Emory Students Study Jewish Life in Poland
search
TravelCommunity

Emory Students Study Jewish Life in Poland

Ten-day trip in mid-May, sponsored by Emory’s Tam Institute for Jewish Studies, helped students re-examine Jewish life in Eastern Europe.

Krakow Poland’s Jewish Cultural Festival is one of the largest such events in the world.
Krakow Poland’s Jewish Cultural Festival is one of the largest such events in the world.

For the first time since it was founded 24 years ago, the Emory University’s Tam Institute for Jewish Studies has sponsored a 10-day trip abroad for students to study Jewish life in Eastern Europe. The trip was led by Ellie Schainker, an Emory history professor with a dual appointment in Jewish studies.

Over a 10-day period, beginning in mid-May, 16 students, many of whom had taken professor Shainker’s course about Jews in Eastern Europe, visited both Krakow and Warsaw in Poland. Both cities were important cultural and religious centers for the large Jewish community, which totaled more than 3.3 million in Poland before the Holocaust. According to Schainker, the goal of the trip was not only to look at the country’s history, but to examine Jewish life today.

“We wanted to take the story of Jewish life to the contemporary moment,” Schainker said, “and to look at Polish Jewish life today. We wanted to really ask questions about memory and memorialization, now, about the effect of the Nazi occupation, and also about Jewish life under communist domination.”

The Jewish Museum in Warsaw chronicles 1,000 years of Jewish history in Poland.

The trip began in Krakow, which is the well-known setting for Steven Spielberg’s 1993 drama, “Schindler’s List.” Because Krakow was occupied early in the war by the Nazis and because it wasn’t bombed, its Jewish quarter and some of its important Jewish buildings and its Jewish ghetto survived.

Today, Krakow is the home of one of the largest Jewish cultural festivals in the world. The festival was started in the 1980s by non-Jews and attracts large numbers of Poles who are attracted to the klezmer music of the past as well as performances of such musical dramas as “Fiddler On The Roof.”

For Schainker and her students, the success of the festival has been one indication of the new dynamism that is developing around Jewish life in Poland today.

“There is a kind of a breath of new life about Jewish identity, about Jewish pride.

The Jews are also working alongside of non-Jewish Poles who are invested in Jewish heritage and Jewish renewal. And so, the combination of that…to me was…really interesting and actually pretty dynamic in terms of when we think of renewal writ large,” Schainker said.

Still, for students like Sasha Rivers, who majored in Jewish studies at Emory and graduated this year, there is no escaping the realization of what was lost during the Holocaust years.

“While I understand the frustration that many Jewish Poles have with the concept that Poland is a Jewish graveyard, this does not change the fact that it is.
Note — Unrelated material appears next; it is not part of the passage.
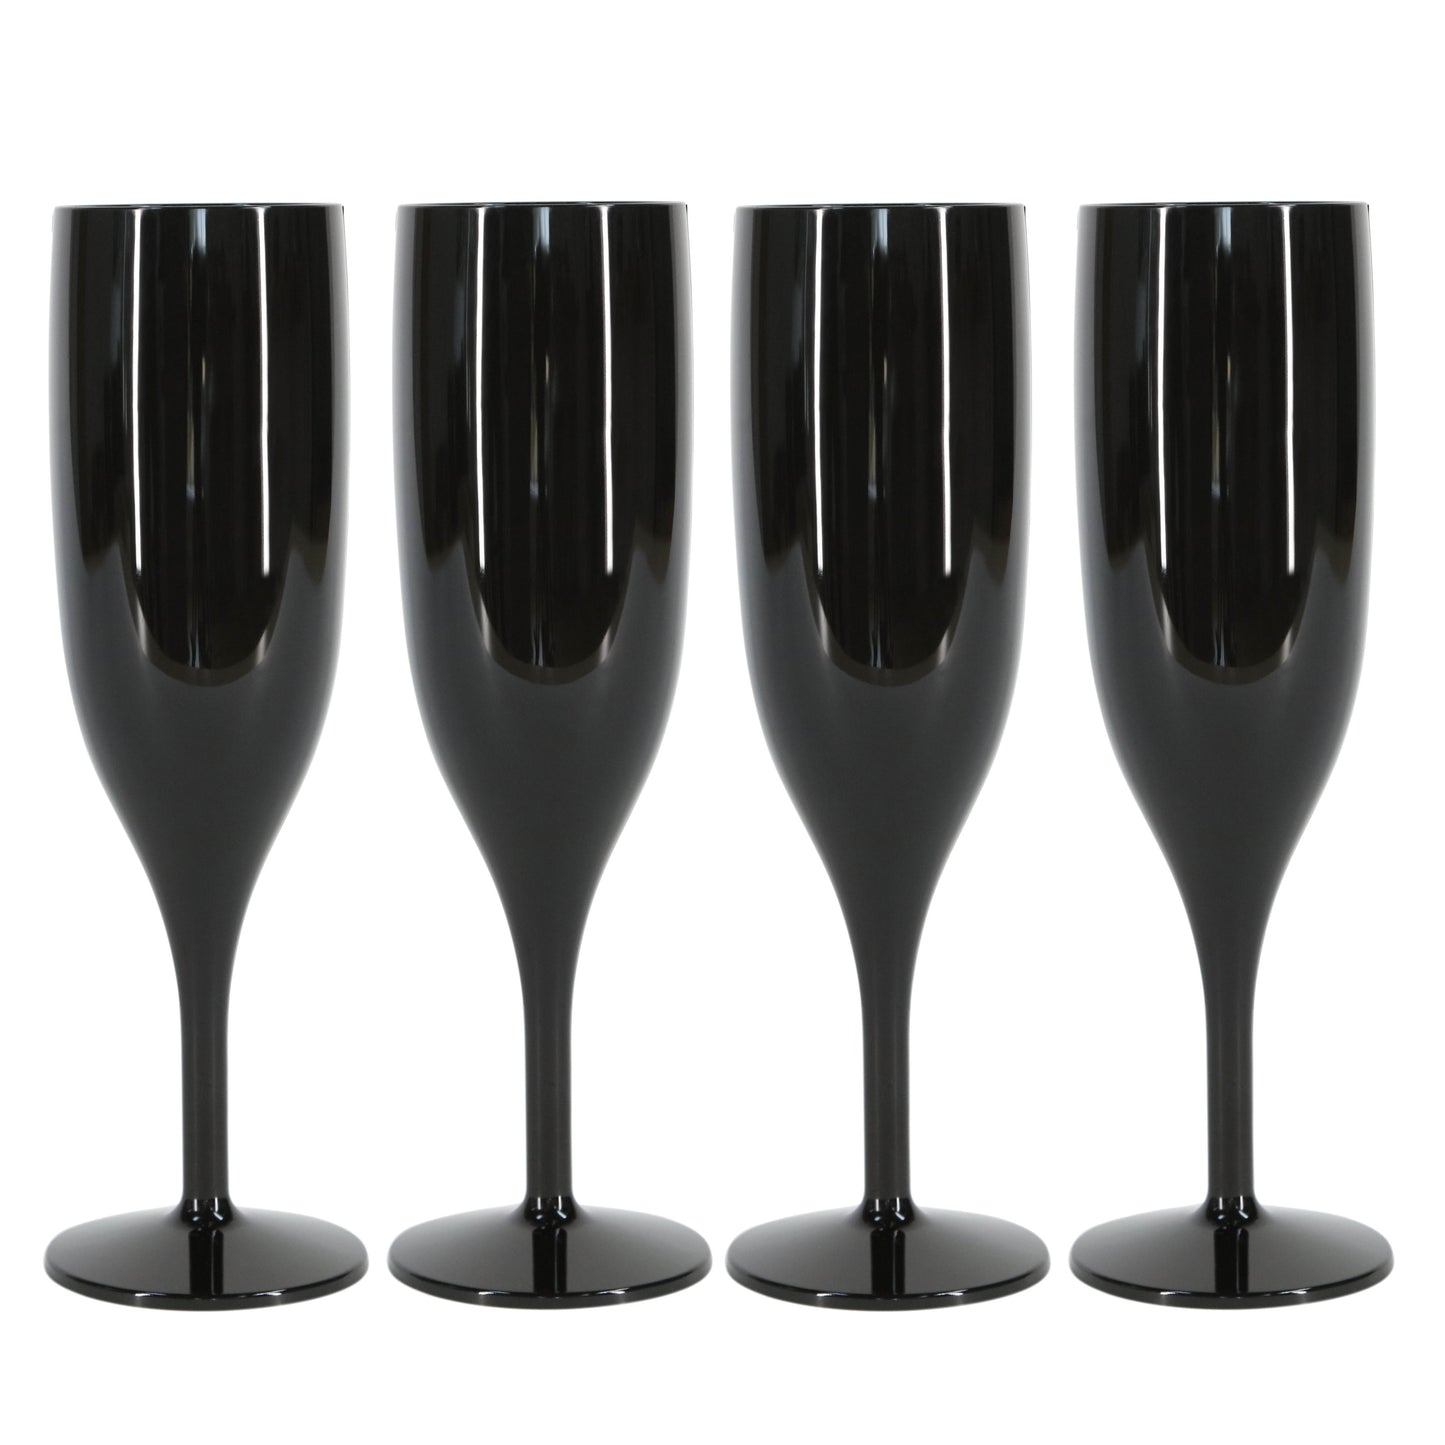 48 x Black Prosecco Flutes – Made from Strong Reusable Plastic 1-Piece Champagne Glass (Pack of 48 Glasses) Halloween, Parties, Hot Tub-5056020186847-EY-PP-122-Product Pro-Baby Shower, Black Champagne Flutes, Black Champagne Glasses, Black Flutes, Black Prosecco Flutes, Black Prosecco Glasses, Bridal Shower, Halloween, Hen Do, Reusable Flutes

I think there is still much to be done, not only with Holocaust remembrance and education in Poland, but with post-war reconciliation in general.”

Warsaw’s rebuilt Nozik synagogue has become a symbol of the renewal of Jewish life in Poland.
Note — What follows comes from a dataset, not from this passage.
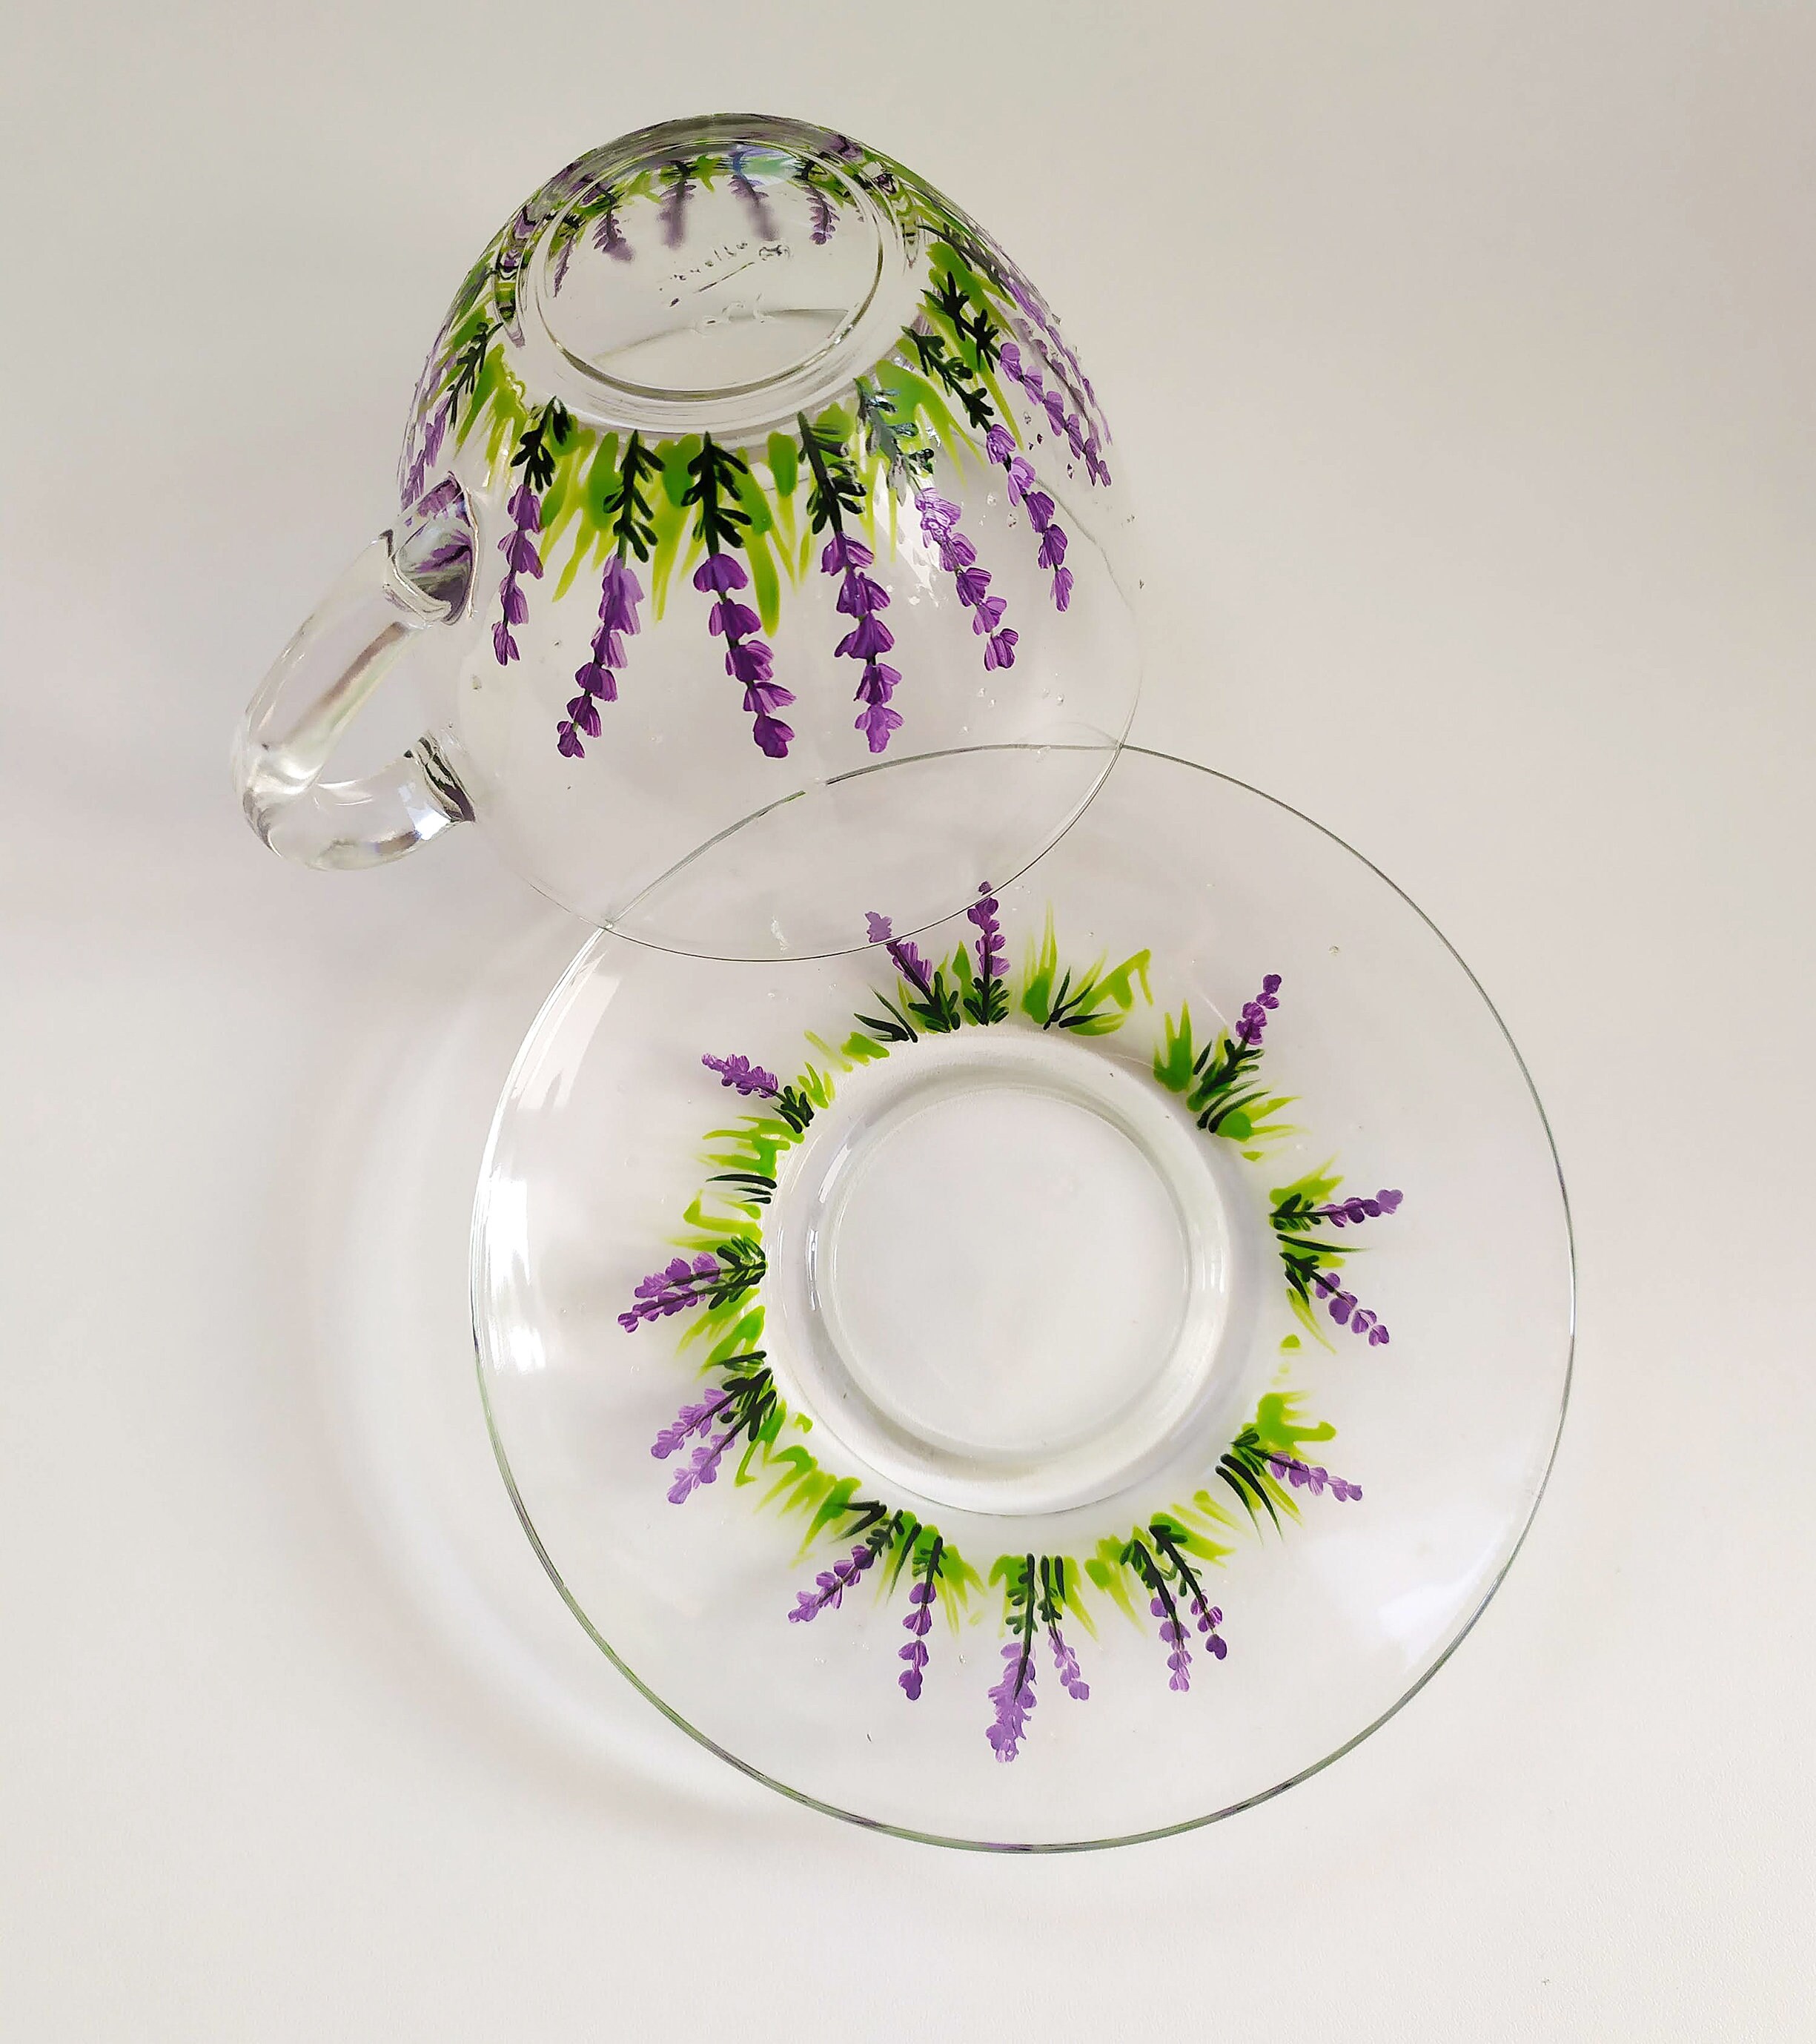 Lavender Tea Cup & Saucer Set, Flower Hand Painted Glass Cup Gift for Her,  Provence Home Decor and Tableware

Jewish life in Poland suffered not only through the devastation of the Holocaust but by the official program of antisemitic purges by the Communist government in the post-war years. By 1968, it led to the expulsion of 13,000 Jews, many of whom had to renounce their Polish citizenship to be allowed to leave the country. It was a cruel blow for so many of them, who had survived the Holocaust only to see themselves persecuted yet again.

For Eric Steinberg, who is beginning his third year at Emory in August, the trip was a real eye-opener.
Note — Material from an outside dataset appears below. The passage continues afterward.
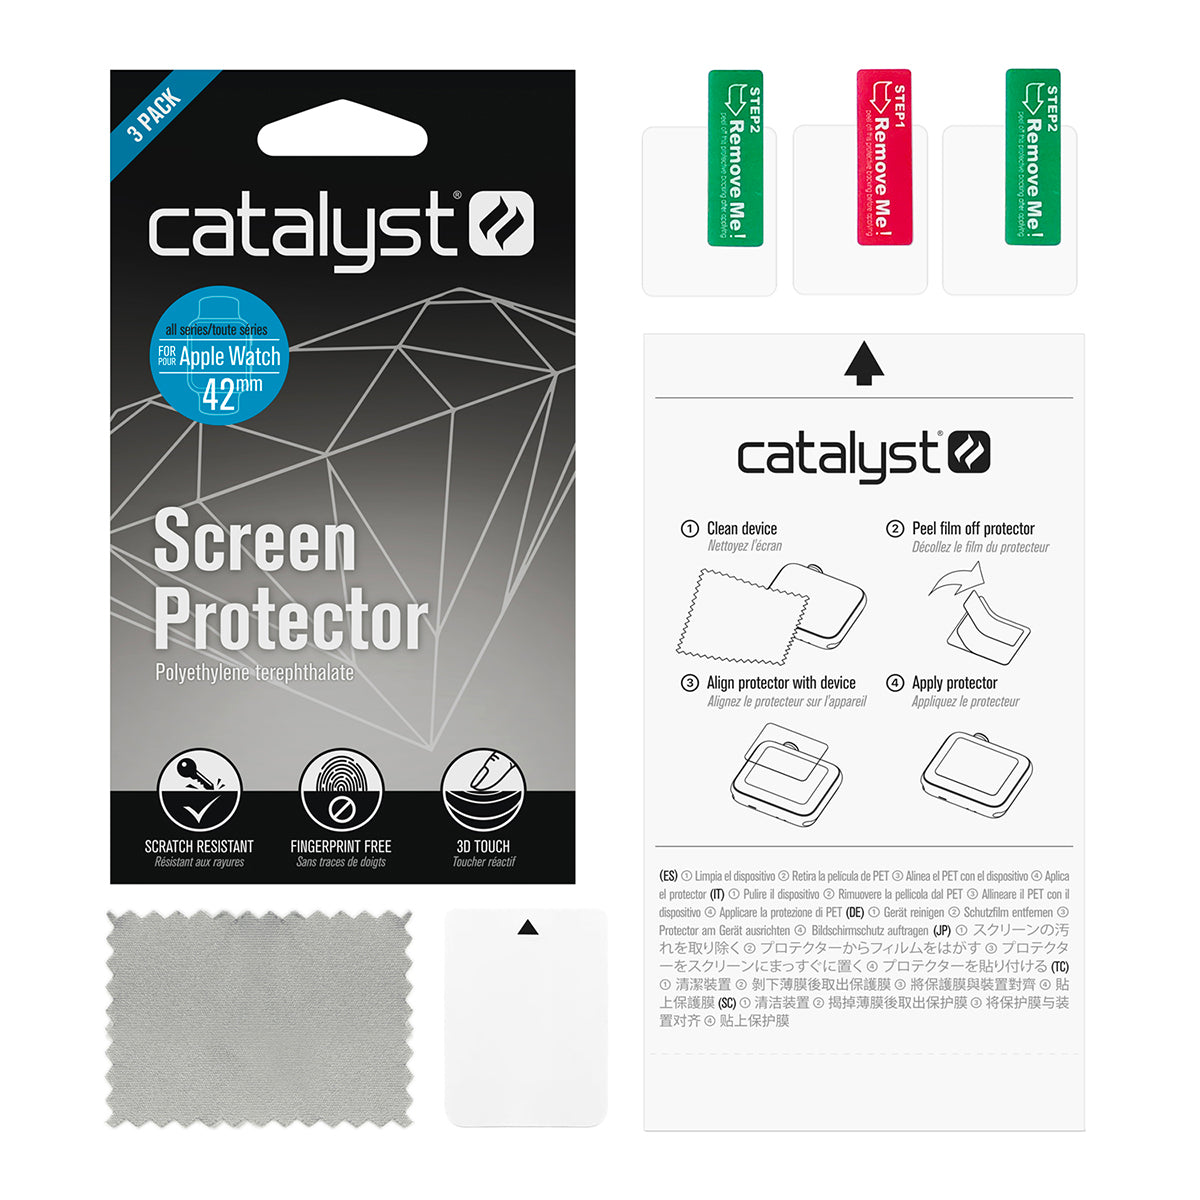 catalyst apple watch series 3 42mm waterproof case band showing the packaging of the screen protector for apple watch microfiber cloth user manual screen protector

“I never knew much about the thriving Jewish life in Europe before the war, and I had never stepped foot or even considered visiting Germany, the Czech Republic, or Poland – sites of the Shoah, until just a year ago. So, if there is any aspect of this trip that I know will stick with me, it is that I was able to break through this apathy by confronting Poland’s Jewish past and present firsthand.”

I never knew much about the thriving Jewish life in Europe before the war, and I had never stepped foot or even considered visiting Germany, the Czech Republic, or Poland – sites of the Shoah, until just a year ago. So, if there is any aspect of this trip that I know will stick with me, it is that I was able to break through this apathy by confronting Poland’s Jewish past and present firsthand.

Schainker points out that Poland is developing into one of the most important centers in Europe for the academic discipline of Jewish studies. She and her group visited an institute for Jewish studies at a local university and had an opportunity to learn alongside students and discuss Jewish studies with them.

In Warsaw, they met with local students who belonged to the local Hillel chapter and had Shabbat dinner with them. The Emory professor believes it’s all part of a major effort by the small Jewish community in Poland to go beyond the memory of the Holocaust there.

“Jews aren’t just about the Holocaust in Poland, there’s this rich culture that is something to celebrate in Poland as well. I think there’s a bit of a nostalgia for the fact that Poland was once a very religiously and ethnically diverse place before the war. I think there’s a more pluralistic vision today of what Poland could be.”